Overview

In AI inference systems, accurately recording user prompts and LLM-generated responses becomes increasingly important for analysis and reproducibility. This article documents the Dagster + NATS integration implemented in the agent-gateway project, covering design philosophy, implementation challenges, and production deployment.
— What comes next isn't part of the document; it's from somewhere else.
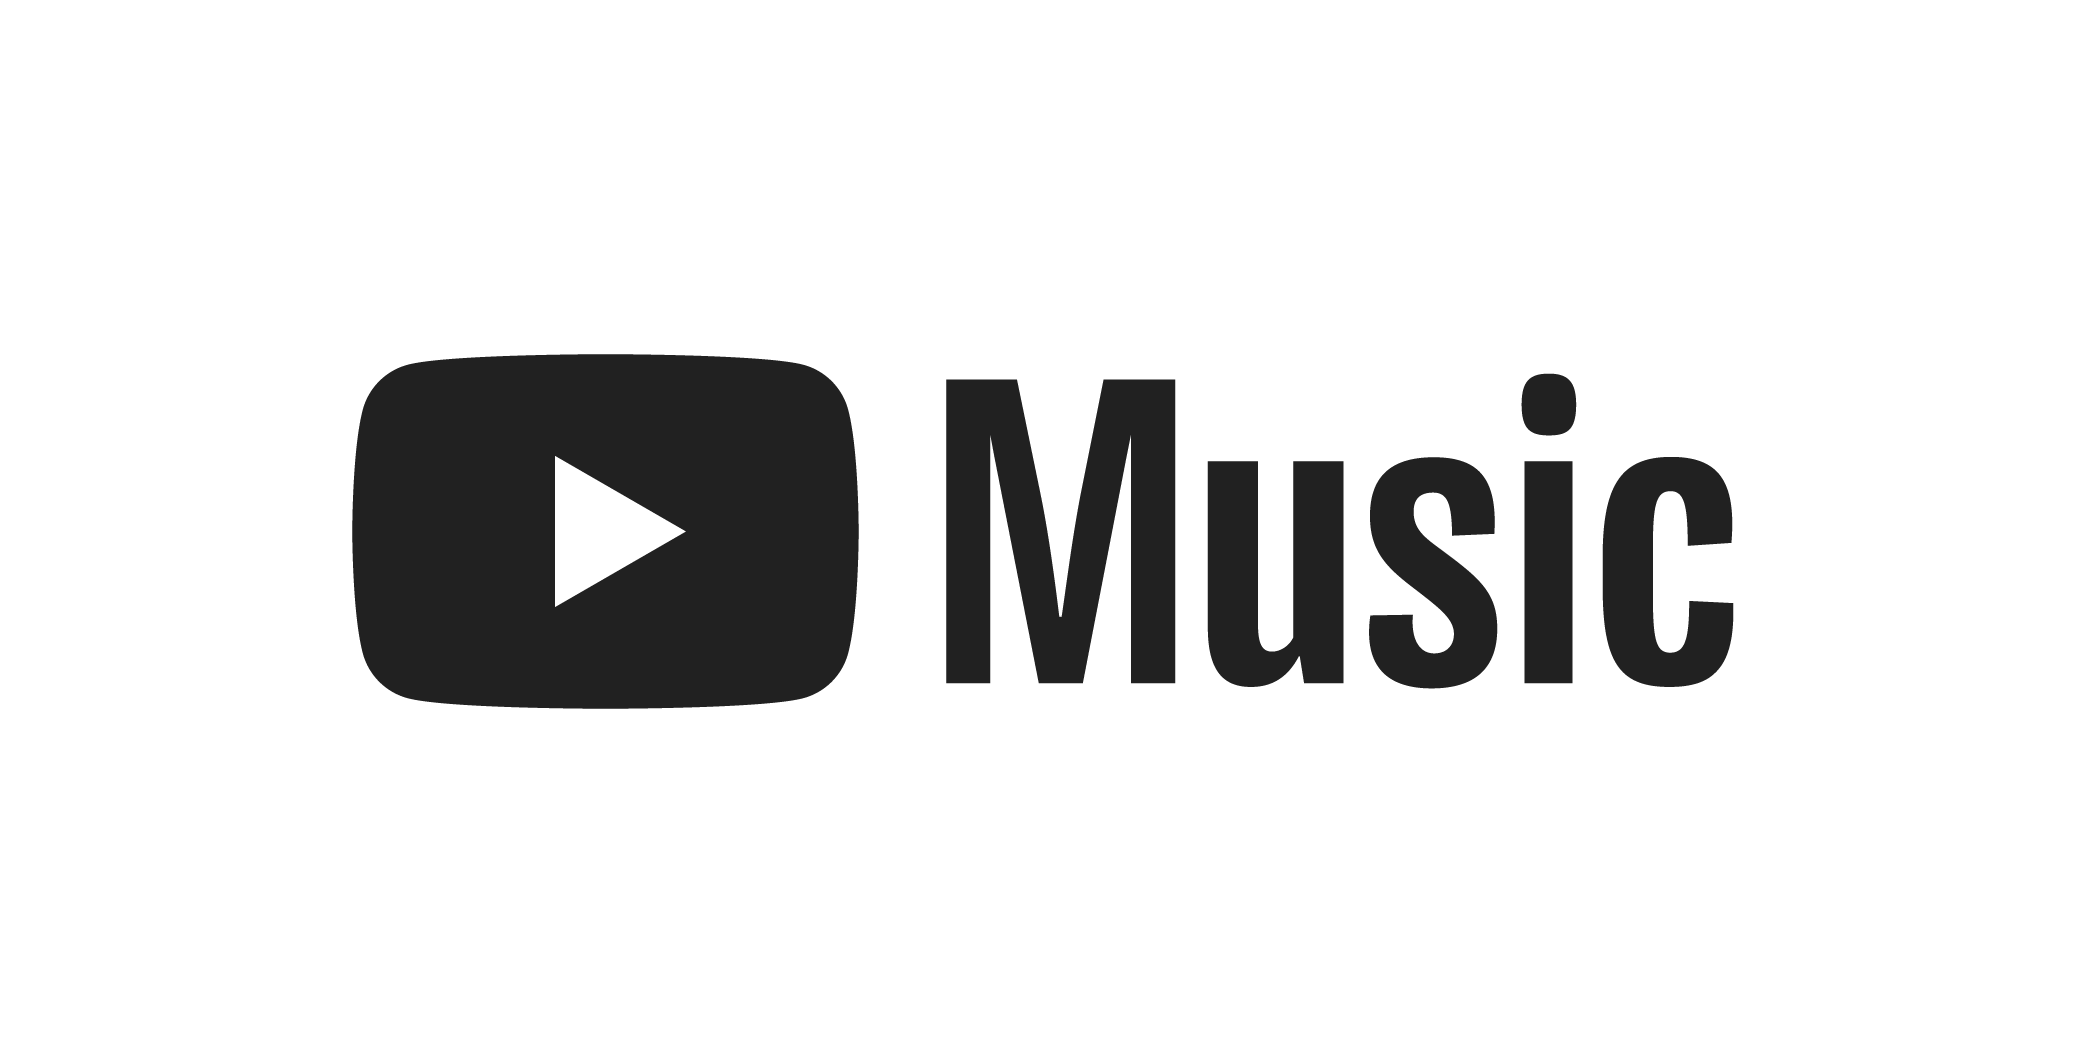 Youtube music playlist. Youtube Music логотип. Ютуб музыка иконка. Ютуб музыка логотип. Музыкальный логотип.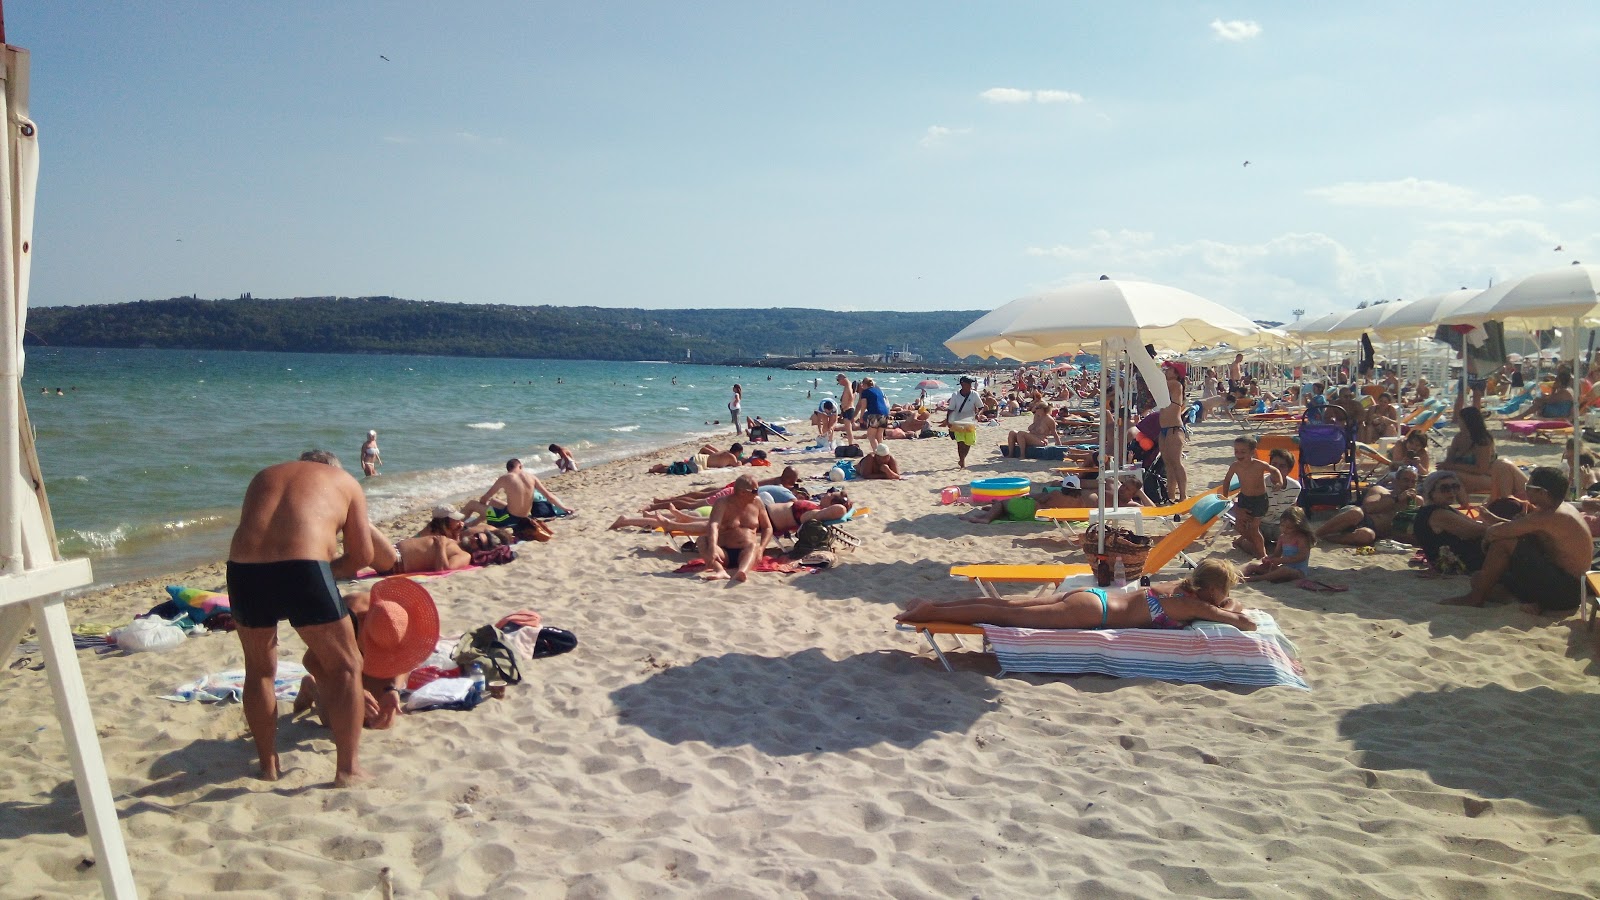 Zdjęcie Varna beach obszar kurortu nadmorskiego

Background: Why Event-Driven Pipelines Matter

Limitations of Synchronous Approach

Initially, the Knowledge Service performed direct, synchronous writes to PostgreSQL immediately after generating chat responses. This approach exposed several critical issues:

  1. Response Latency: Post-processing adds to user-facing response time
  2. Scalability Issues: Multiple sequential post-processing steps create bottlenecks
  3. Poor Observability: Difficult to track which operations succeed or fail
  4. Non-Reproducible Workflows: RAG behavior improvements and validation become complex

Architectural Solution

To address these concerns, the system adopted a message queue (NATS) and workflow orchestration tool (Dagster) combination.

Architecture Design

System Overview

  Knowledge Service
    ↓ (NATS pub)
NATS Server (JetStream)
    ↓ (NATS sub)
NATS Consumer Worker
    ↓ (GraphQL)
Dagster GraphQL API
    ↓
Dagster Daemon/WebServer
    ↓ (execute ops)
PostgreSQL (audit logs)
  

Information Flow Between Components

  1. Knowledge Service publishes prompt-response pairs to NATS
  2. NATS Consumer Worker subscribes to messages
  3. Invokes Dagster GraphQL API to trigger job execution
  4. Dagster Operations persist data to PostgreSQL

NATS Message Schema Design

Standard format for chat persistence messages:

  {
  "pipeline_id": "knowledge.chat.persist",
  "correlation_id": "unique-trace-id",
  "idempotency_key": "idempotency-unique-id",
  "model": "llm-model-name",
  "llm_model": "alternative-field-for-compatibility",
  "prompt": "user-provided-prompt-text",
  "response": "llm-generated-response-text",
  "messages": [{"role": "user", "content": "..."}],
  "usage": {"prompt_tokens": 100, "completion_tokens": 50},
  "requested_at": 1697845200000,
  "payload_json": "additional structured data"
}
  

Design Considerations

  • correlation_id: Enables end-to-end tracing across multiple pipeline stages
  • idempotency_key: Guarantees idempotent processing—same message processed multiple times produces consistent results
  • payload_json: Extensibility mechanism allowing arbitrary metadata and custom fields stored as JSONB

Dagster Pipeline Implementation

Jobs and Operations

  @job(name="knowledge_chat_persist")
def knowledge_chat_persist():
    persist_chat_to_pg(load_payload_from_config())
  

load_payload_from_config Operation

  • Converts NATS JSON message string to dictionary
  • Implements fallback handling for decode failures

persist_chat_to_pg Operation

  CREATE TABLE knowledge_chat_audit (
  id BIGSERIAL PRIMARY KEY,
  pipeline_id TEXT NOT NULL,
  correlation_id TEXT,
  idempotency_key TEXT,
  model TEXT,
  prompt TEXT,
  response TEXT,
  payload_json JSONB NOT NULL DEFAULT '{}',
  created_at TIMESTAMPTZ NOT NULL DEFAULT NOW()
);
  

Processing logic:

  1. Create table if not exists (idempotent)
  2. Extract correlation_id, idempotency_key, prompt, and response from configuration
  3. Insert audit record into PostgreSQL

Resource Design

PostgresResource:

  class PostgresResource(ConfigurableResource):
    dsn: str = "postgresql://postgres:postgres@postgres:5432/agent_gateway"
    
    def get_connection(self):
        actual_dsn = os.getenv("POSTGRES_DSN", self.dsn)
        return psycopg2.connect(actual_dsn)
  

Environment variable override enables connection string separation between development and production.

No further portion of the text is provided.